30.7.13

Chegaram a ser vizinhos,

mas o Blogger chegou primeiro ao bairro. Tinha um grupo de amigos que fazia inveja a qualquer um. O rapaz era um fenómeno. Não havia alma que não quisesse fazer parte do seu círculo de amizades. E assim andava, feliz, sem grandes ondas! Um dia começou a ouvir dizer que havia um novo vizinho no bairro (parece-me que se chamava "blogosfera", o bairro), e que já começava a cair em graça da vizinhança. Chamava-se Facebook e era muito dado, de muito fácil lidação... bom rapaz! Que era trabalhador, que sabia imensas coisas sobre todos os vizinhos e.... fazia questão de contar tudo a toda a gente! Ainda assim, e sabendo o risco que corriam, pouco a pouco, os vizinhos começaram a contar-lhe a sua vidinha toda! Ora, como bom vizinho fofoqueiro que era, o Facebook não escondia nada de ninguém e, às tantas, já toda a vizinhança sabia da vida do vizinho do lado. E até da vida do vizinho que morava na rua mais longínqua! Foi o descalabro! O Facebook era tão popular, tão giro, tão fresco, que toda a minha gente se esqueceu do Blogger, moço educado, comedido, que só contava da vida alheia aquilo que a vida alheia lhe pedia para contar!
Até eu, me esqueci que o Blogger havia sido meu amigo, com tanto frenesim em torno da nova criatura! É verdade... Esqueci-me, inclusive, de todas as vezes em que desabafei, chorei, sorrir e gargalhei, sem ouvir da sua parte uma reprimenda, uma palavra mais brusca... Pelo contrário! Ficava ali, calado, a ouvir, sossegado... E chegámos a ser cerca de 40, lá os da blogosfera do algarve, que nos juntávamos todos, em torno do rapaz, a conversar, a contar histórias, a partilhar experiências...
Fico triste, hoje, ao perceber que a rapidez do Facebook se sobrepôs à calma do Blogger. Até nisto, o fast ganhou ao slow...
Sei que também sou culpada, alto lá que não me estou a ilibar! Mas agora, que a idade já é outra e a vida me foge das mãos a uma velocidade tremenda, decidi voltar à terra, ao mesmo "bairro" que me viu crescer e quero voltar a falar com o blogger! Aliás, aqui está ele! És sempre tão bom ouvinte! Deixa-te ficar assim, não tenhas pressa nem contes ao mundo o que aqui te digo. Fica entre nós. Entre estes, que por aqui ainda andam. Deixa, seremos só nós. Não faz mal. Ao menos, aqui, a vida corre mais devagar.

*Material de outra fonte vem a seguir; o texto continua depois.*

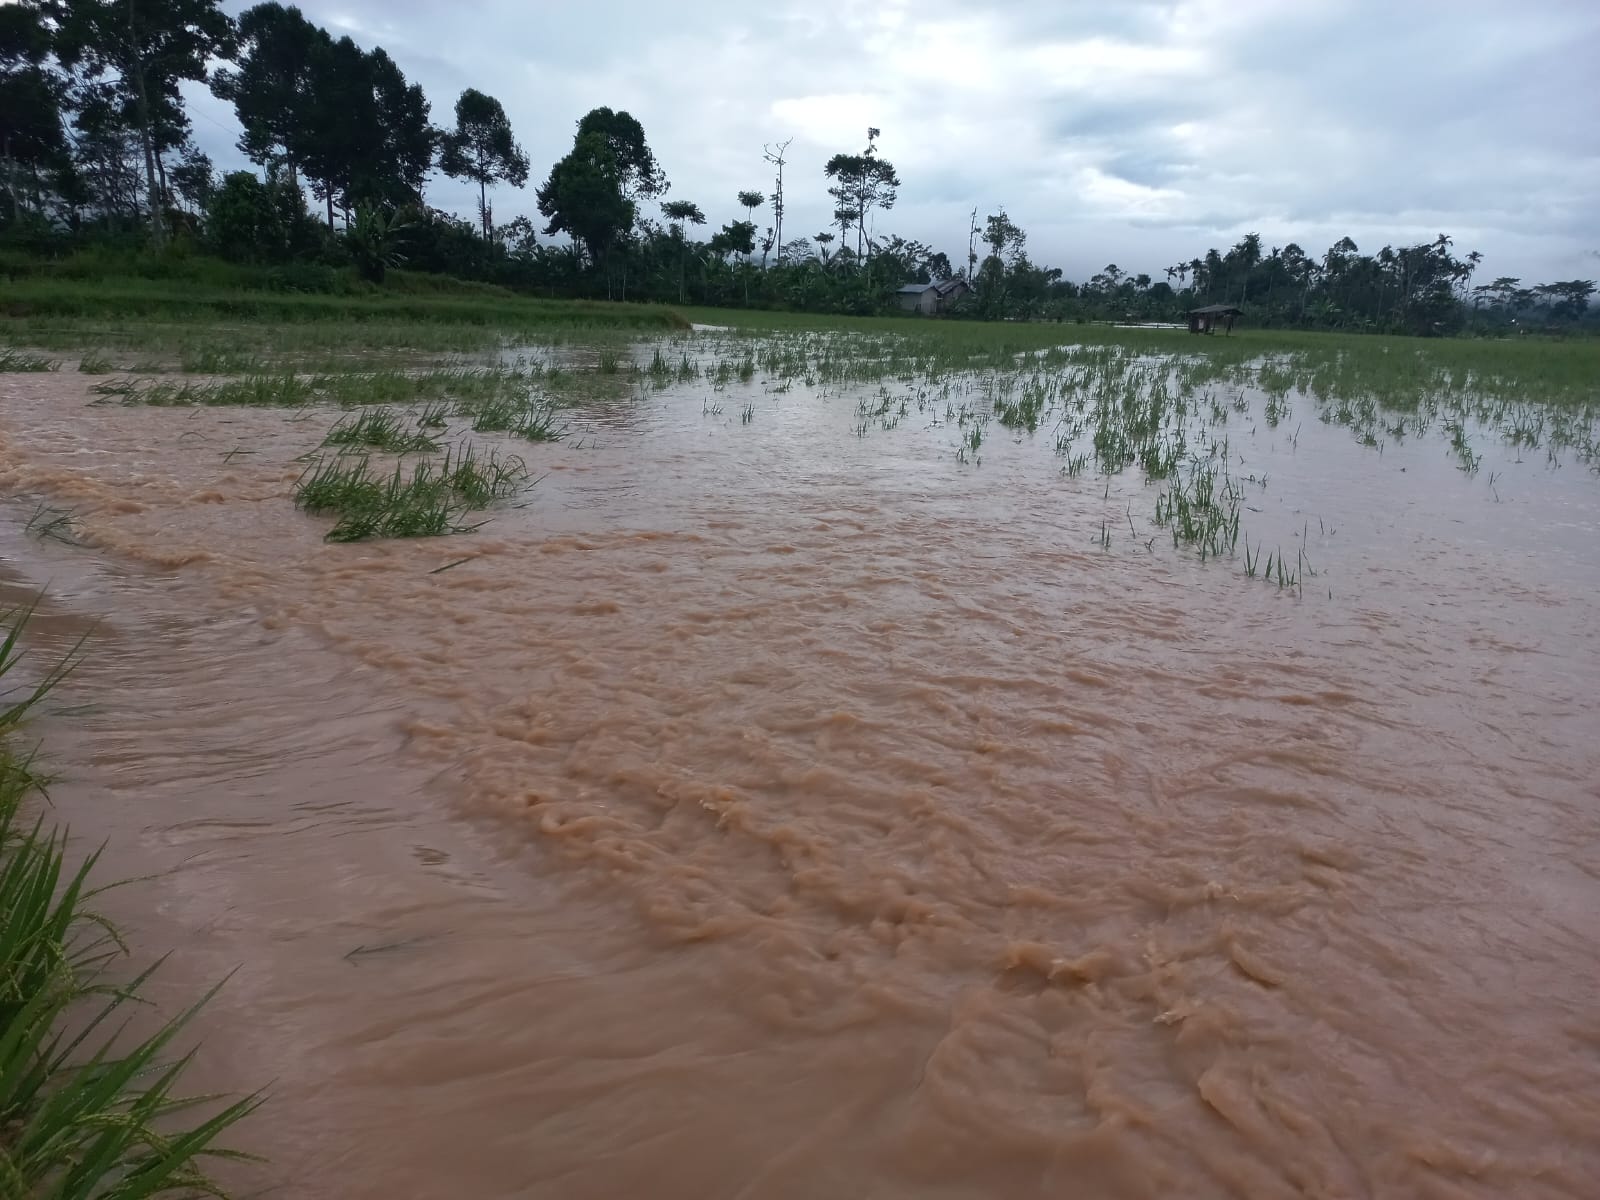 Puluhan Hektar Sawah di Kebun Tebu Terdampak Banjir Way Besai

Quando as adivinhações se concretizam

toda a vida lhe tinham dito: depois dos trinta? Ai, depois dos 30... Cabelos branco, dor nas costas, o joelho que avisa das intempéries, a pele que não brilha, os dentes que apodrecem, as rugas que aparecem.
Sempre pensou serem apenas umas pragas disfarçadas de certezas de quem sabe.
Fossem o que fossem, eram verdade.
Agora, depois dos trinta, decidira fazer o mesmo: espalhar o pânico na mente das jovens carcaças de 22 anos. Aaaaaaaahhhhhhhhh! E sabia bem, saber que - praga ou certeza - aconteceria, depois dos 30.

29.7.13

Sem título III

Trazia na alma a canção da manhã e no olhar a discussão da noite anterior. Tudo se resolvera na cama, como acontece com as pessoas que não amam. Mas amava. E não compreendia a solidão que teimava em manifestar-se.
Bebeu o café no sítio do costume, encontrou o homem lindo que bebia descafeinado às 8h55, esperou pelas 9h00 e largou 50 cêntimos em cima da mesa. Depois da porta do café da esquina era a selva. O barulho ensurdecedor, o cheiro a mortos-vivos, a cor amarela da cidade.
Baixou os óculos escuros até aos olhos, suspirou e fez-se à calçada. Evitou pisar a merda espalhada pelo chão, não tirou as mãos dos bolsos e acabou por chegar ao destino.
a canção da manhã continuava na alma, mas o olhar era agora de quem vampiriza a alma dos outros. Solidão, raiva, embargo na voz e uma tristeza imensa.
Segunda-feira.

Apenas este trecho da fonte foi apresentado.